Defne Erdur // Teacher
Barbara Stahlberger // Teacher
Dilek Üstünalan // Teacher
IDOC Type:
In Folders:
Freiburg Teachers' Meeting, 7 August 2018, 3.30-4.30pm
Inquiry of the LAB: Tossing Weight/ Being a Tosser
Question: What is the quality, nature, and language of tossing weight in solo and duet?
Participants: Nuria Bowart, Marcus Hoft, Iwona Olszowska, Richard Sarco-Thomas, Malaika Sarco-Thomas (facilitator)
Documentation
Conversation first: what supports the feeling of tossing weight? Clothing, for example: silk, flowing fabric, hakama in aikido practice, the axis syllabus fashion of Kira Kirsch
Malaika led a warmup for pulsing, jogging, walking and running looking at tossing.
Small dance and looking at micro-tossing within that
Leading to solo: tossing of body parts. Explore both micro tossing and macro tossing.
(toss an arm, a sit bone, a tooth, your heart, an imagined organ within your inner ear, a lobe of the brain… etc)
With a partner, becoming aware of their exploration, as you continue yours. In duets in relationship.
Malaika invited reflections / associations from everyone about how they relate to this material in their teaching, in partnering in particular.
It was fun! people seemed super energised after the practice.
Questions that emerged:
What is micro-tracking?
How to toss a tooth?
What are other ways of tossing?
How does the toss finish?
Nuria said: I try to imagine, what if I had lights coming off my body, tracing the pathway of the momentum through my mass? What would that look like?
Iwona mentioned how nice it is to sail — to catch air, and to teach this with arms she teaches to send out through the bones of the arm: send 1, 2, 5, and then air. it makes a difference to imagining the arm as one thing.
Marcus mentioned 3 kinds of tossing he discovered:
1 - swing. e.g. swing the leg forward and back
2 - turning around axis with the momentum of a leg
3 - toss/ throw the leg away and also it to take your centre into space
Richard proposes a 4th:
4 - to toss the mind, toss the attention
PLAY = curiosity, and this is super important for creativity. Free focus
Marcus suggested: we can use the legs to play with your partner’s awareness in the solo dance. There can be playfulness to bring your partner like, off centre
Clear and relaxed: tossing is about follow through. Follow through with the mind.

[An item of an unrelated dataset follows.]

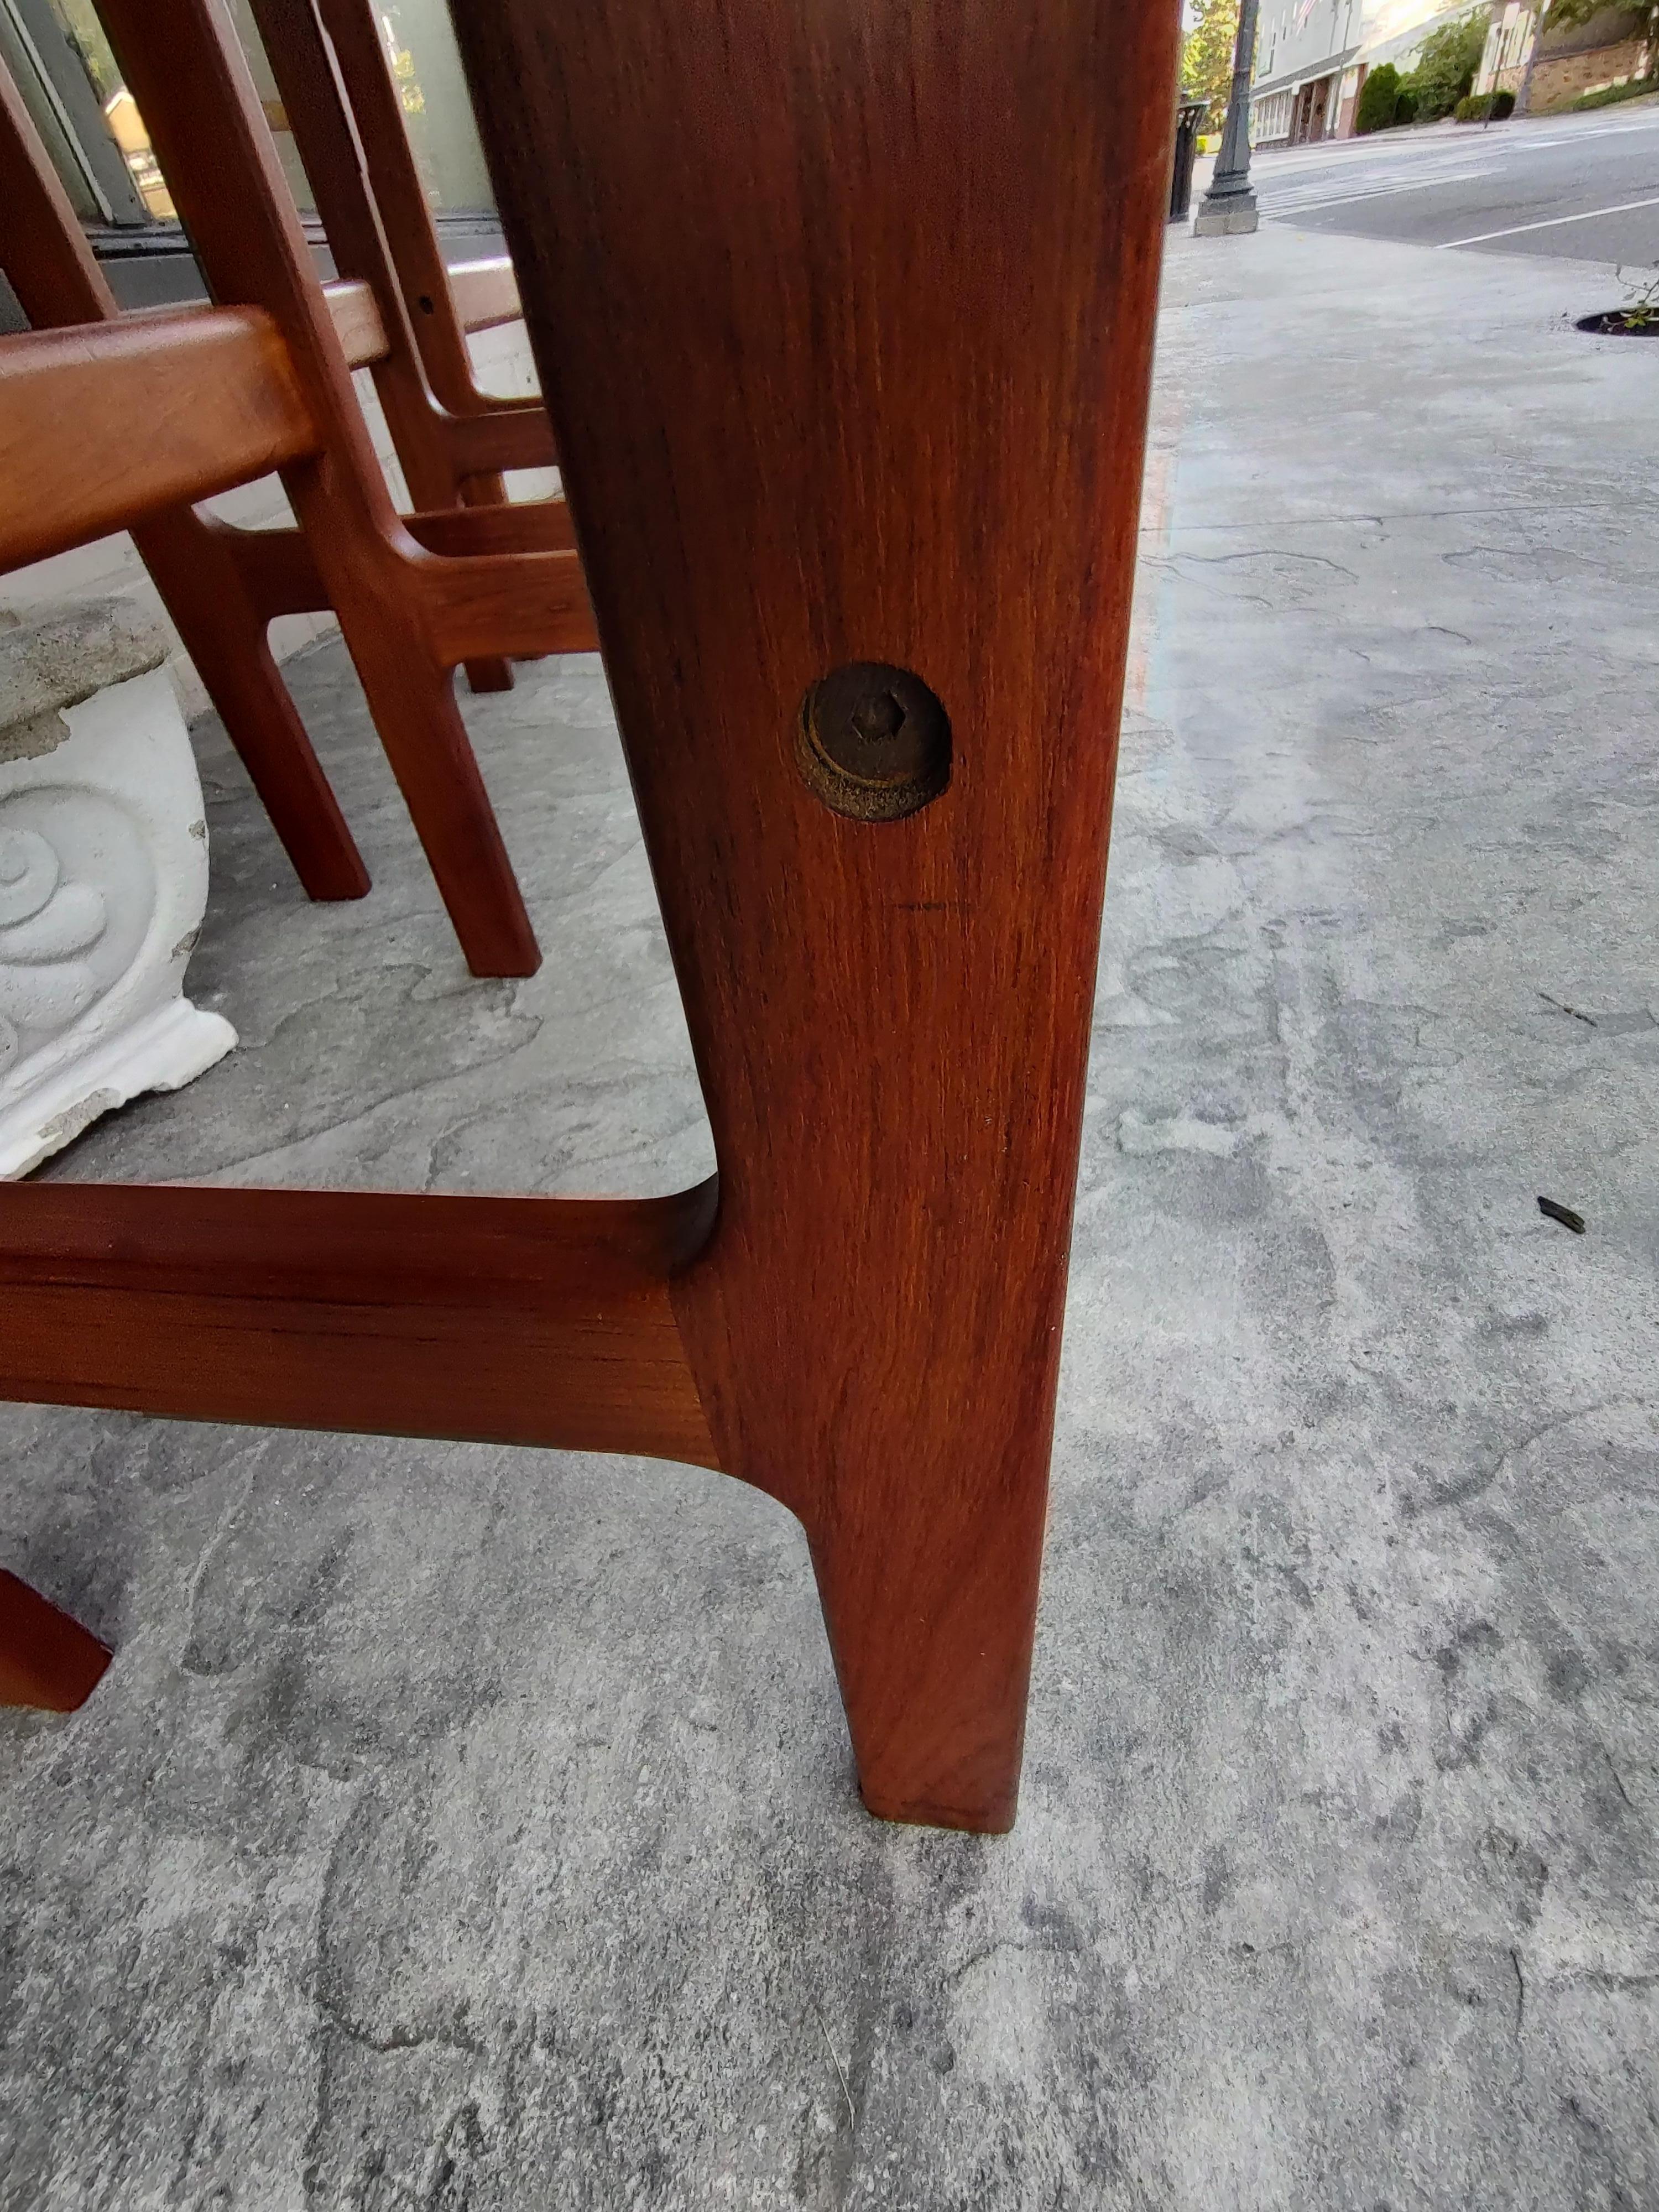 Fabulous set of 4 teak bar stools with arms and a back. Fabric is lightly soiled but in good condition. Frames are excellent. Sold and priced individually. Signed d- scan on underside of the seat.

When you focus too hard, you negate your awareness.
Ray Chung talks about:
Tension
Attention
Pretension
Intention
Extension
Iwona says that in BMC, there is directionality and intention THROUGH another person, which is elastic and fluid, like the work within martial arts when sending a punch through someone.
Love this image of putting on an elastic glove that you use to reach into space and vvvvvvvooooommm!!!
This creates an extension into space and at the same time you are also feeling the 2-directionality —the container of the glove. It also feeds back, the pumping of the heart. (Lymph fluid also pumping to the heart)
Nuria says that in therapy, having a bi-directional awareness is super important.
Like Laura Hicks says, the push is the pull, in CI and in pilates training.
Richard points out: the CI Quartet is always
- floor
- body
- space
- partner
—and this trains multi directionality
So how (else) can we train multidirectional awareness?
This document is created based on the consent of all the participating teachers during the contactfestival freiburg Teachers Meeting 2018.